▸ Problem description: The data should be written out in full, exactly as it stands, and the pictures dropped.

▸ Data extract:
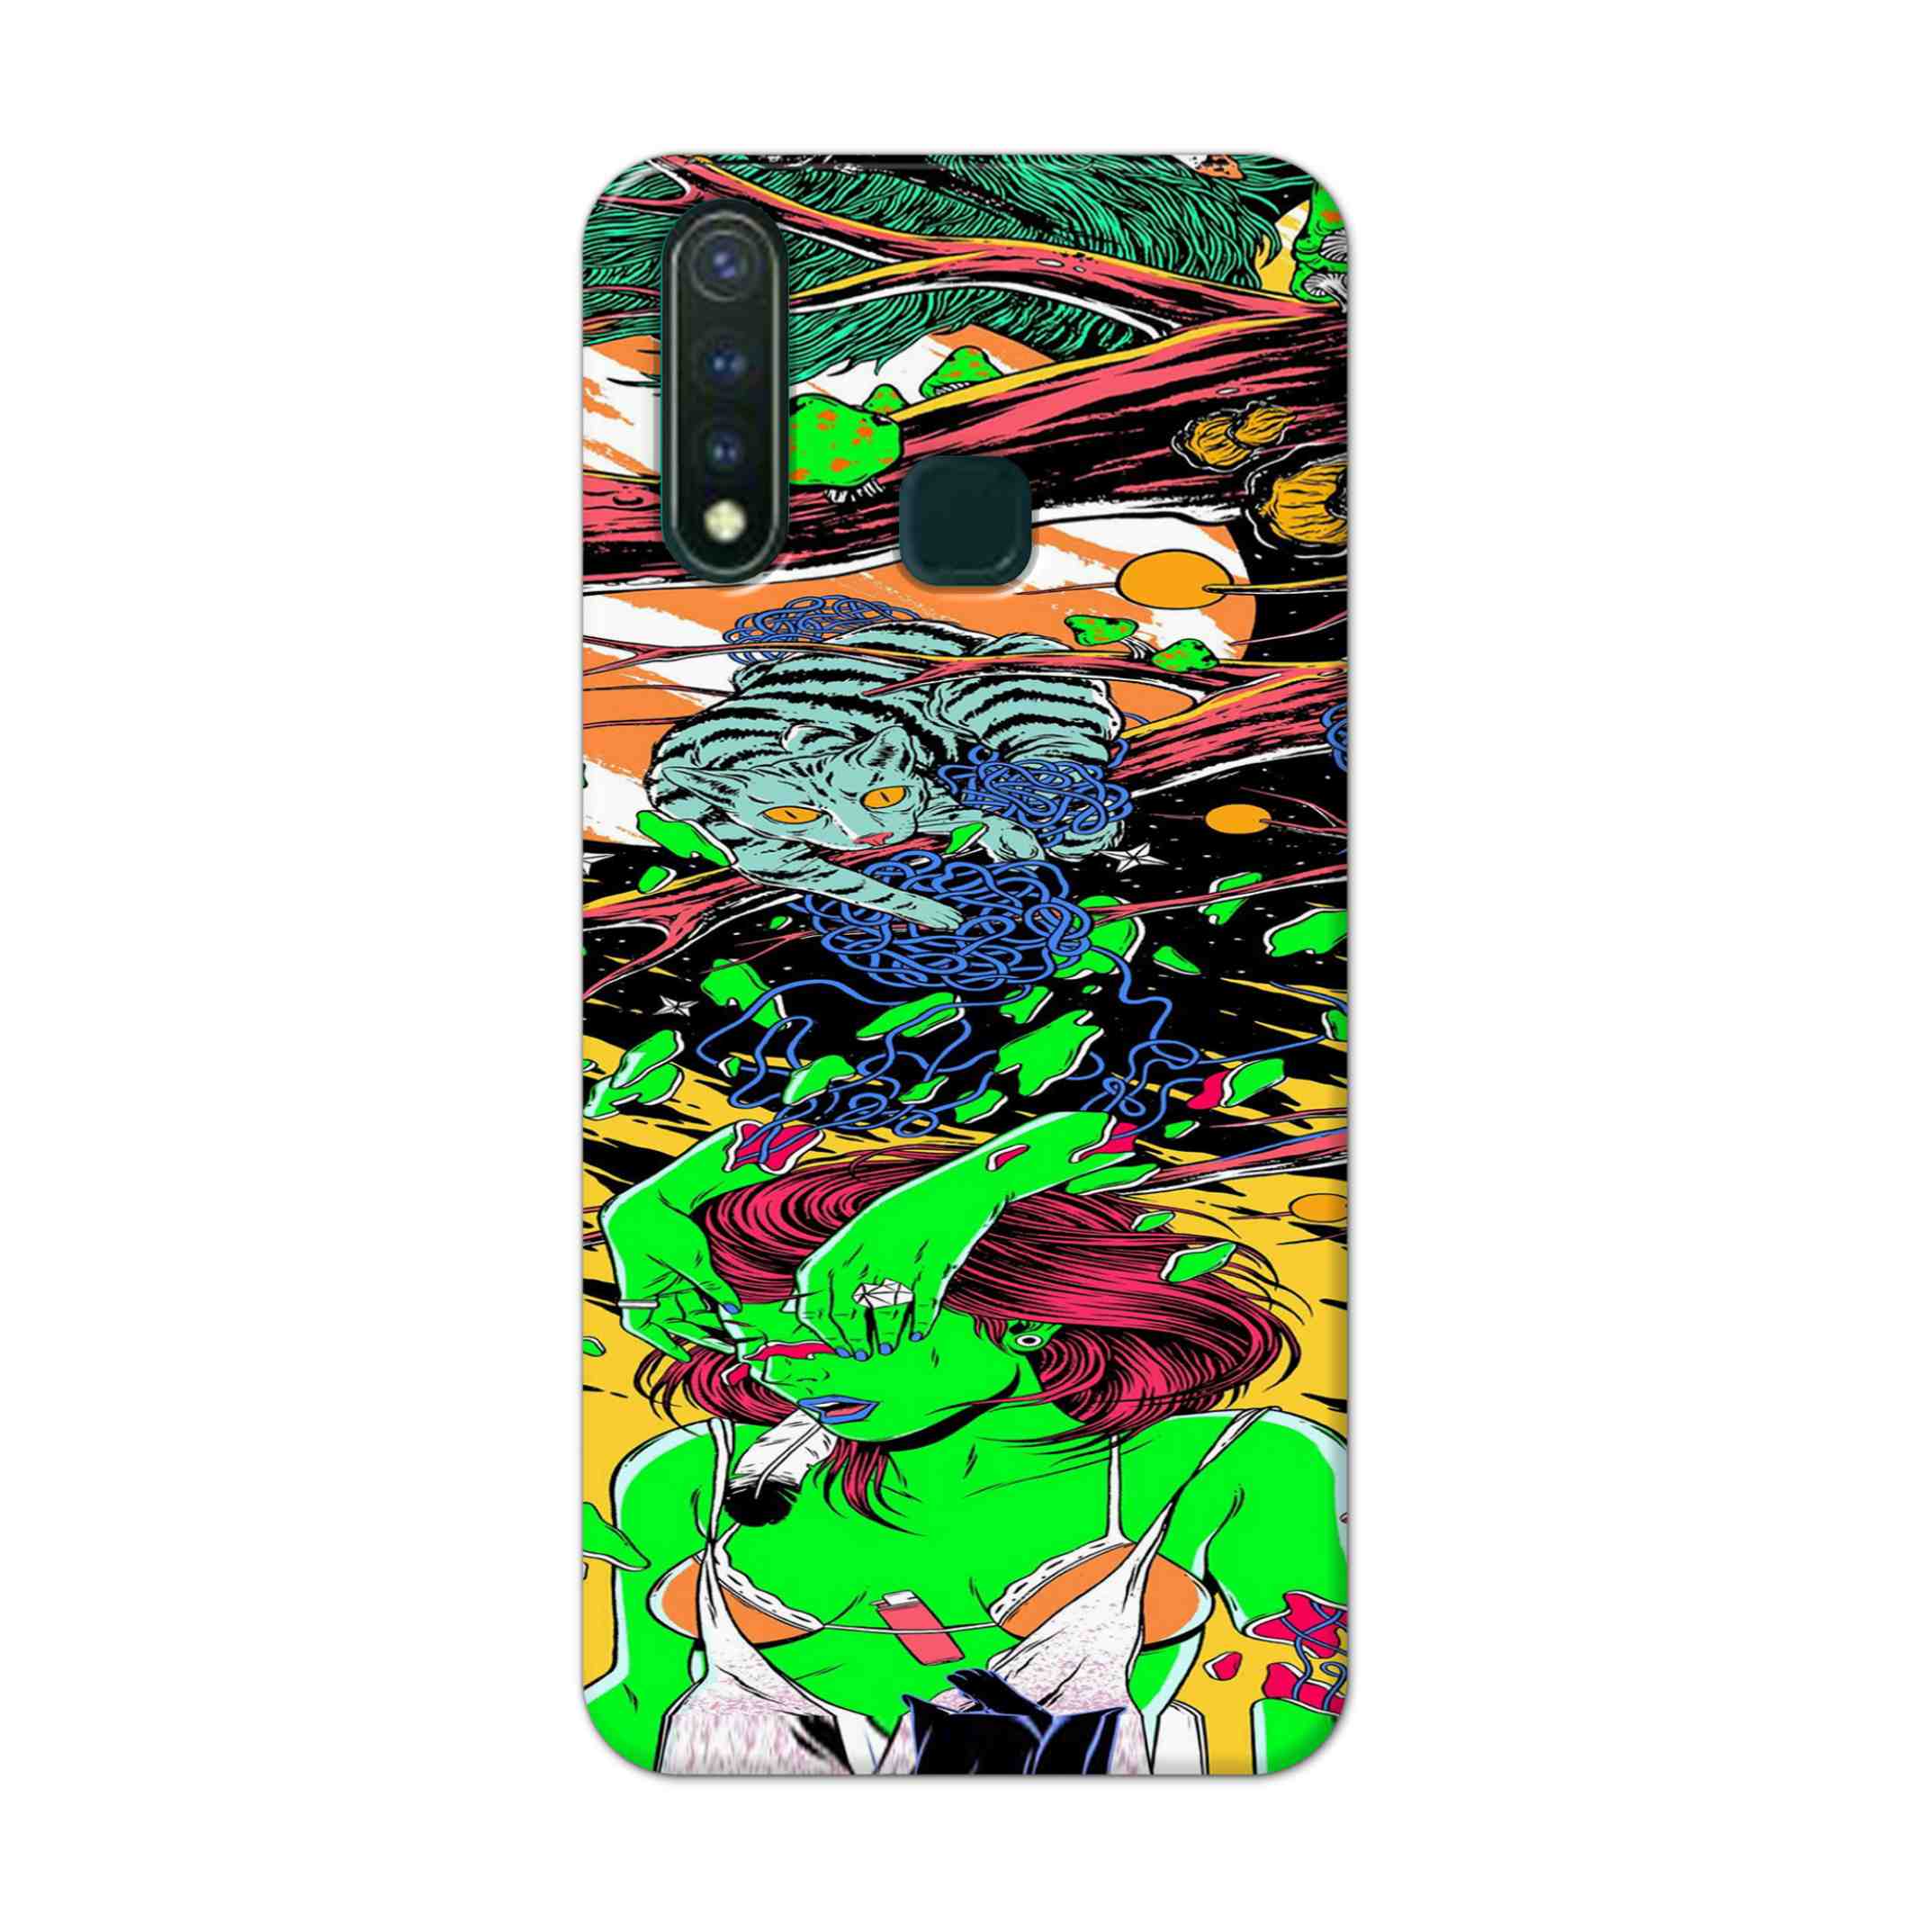 Buy Green Girl Art Hard Back Mobile Phone Case Cover For Vivo U20 Online
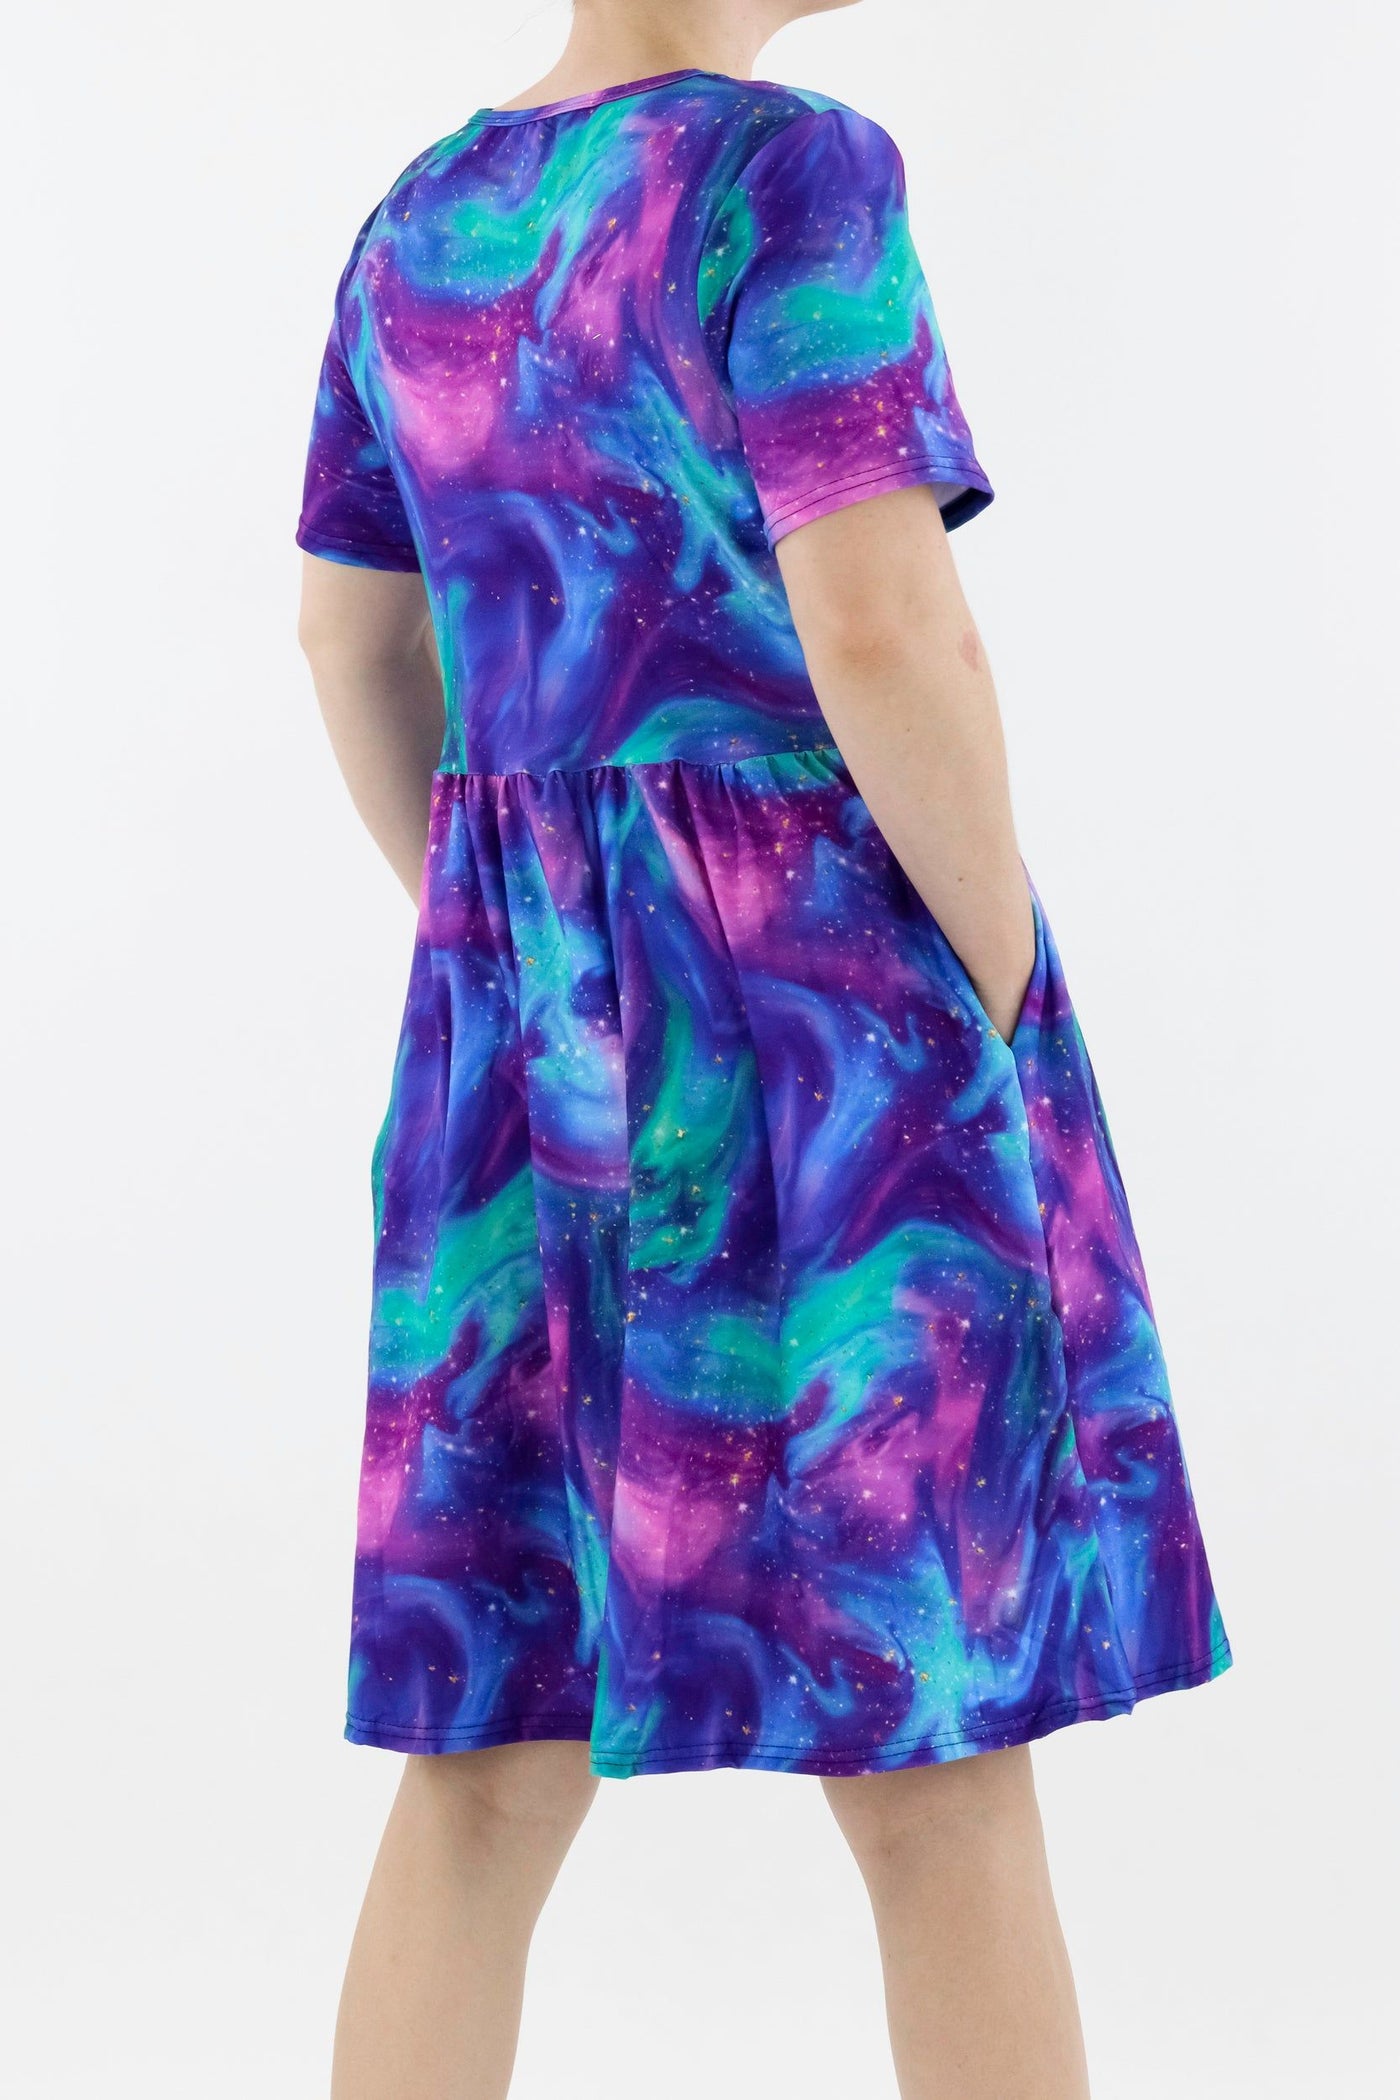 Aurora Sky - Short Sleeve Skater Dress - Knee Length - Side Pockets Knee Length Skater Dress Pawlie   
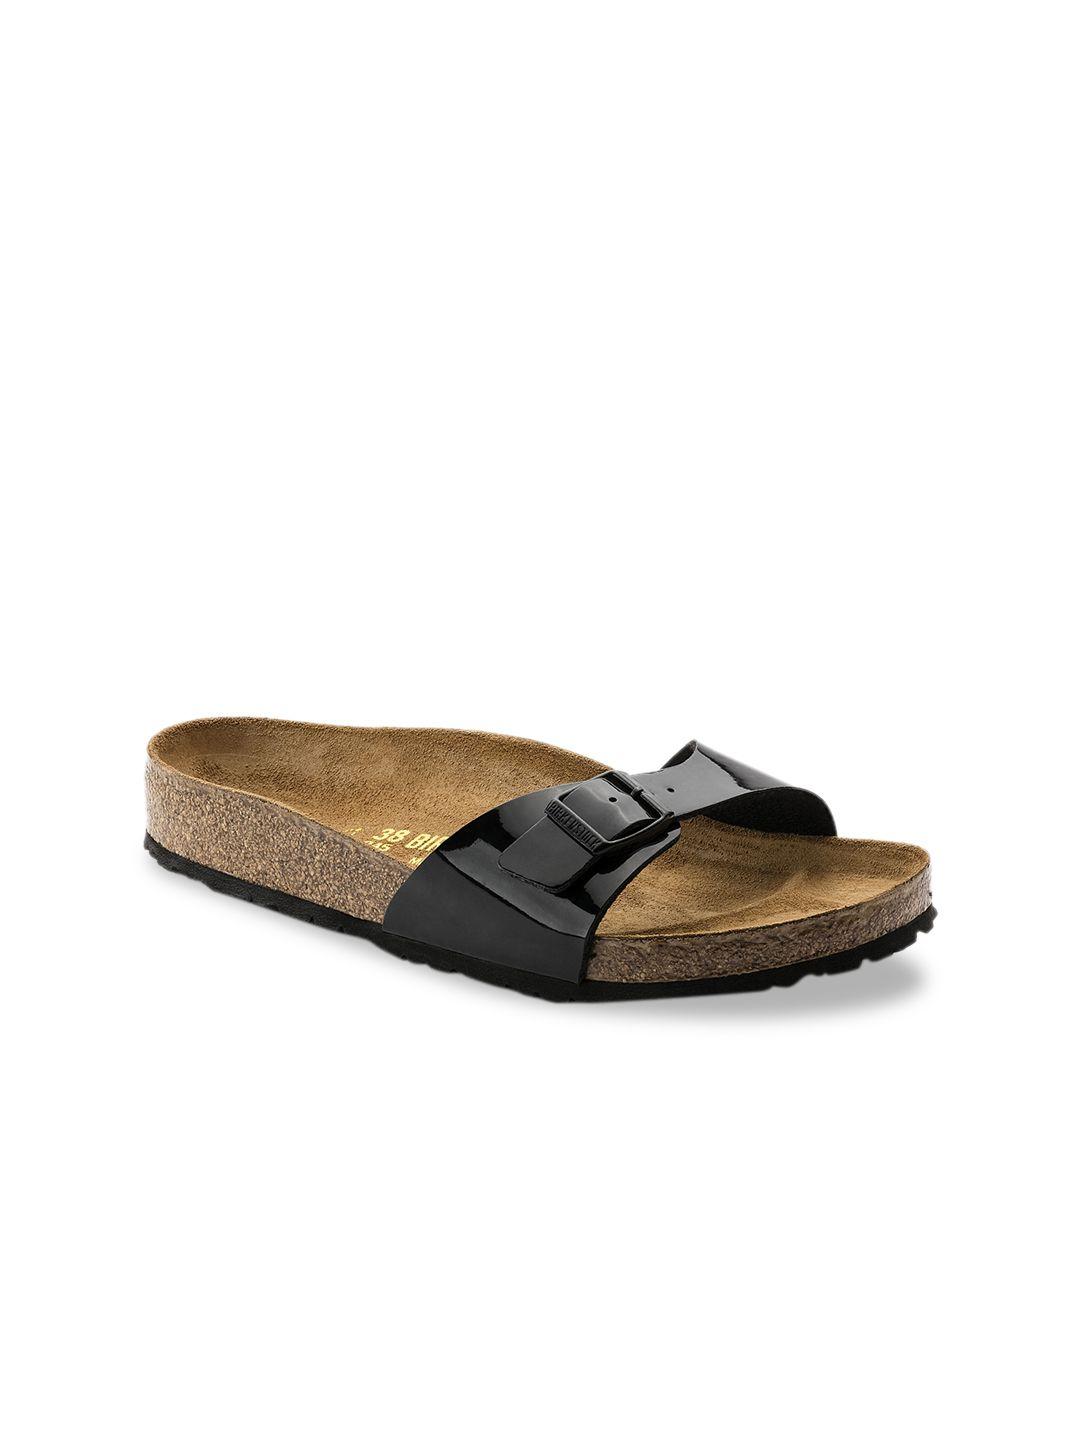 birkenstock black madrid birko-flor narrow width sandals

▸ Answer box:
 Buy Green Girl Art Hard Back Mobile Phone Case Cover For Vivo U20 Online
 Aurora Sky - Short Sleeve Skater Dress - Knee Length - Side Pockets Knee Length Skater Dress Pawlie   
 birkenstock black madrid birko-flor narrow width sandals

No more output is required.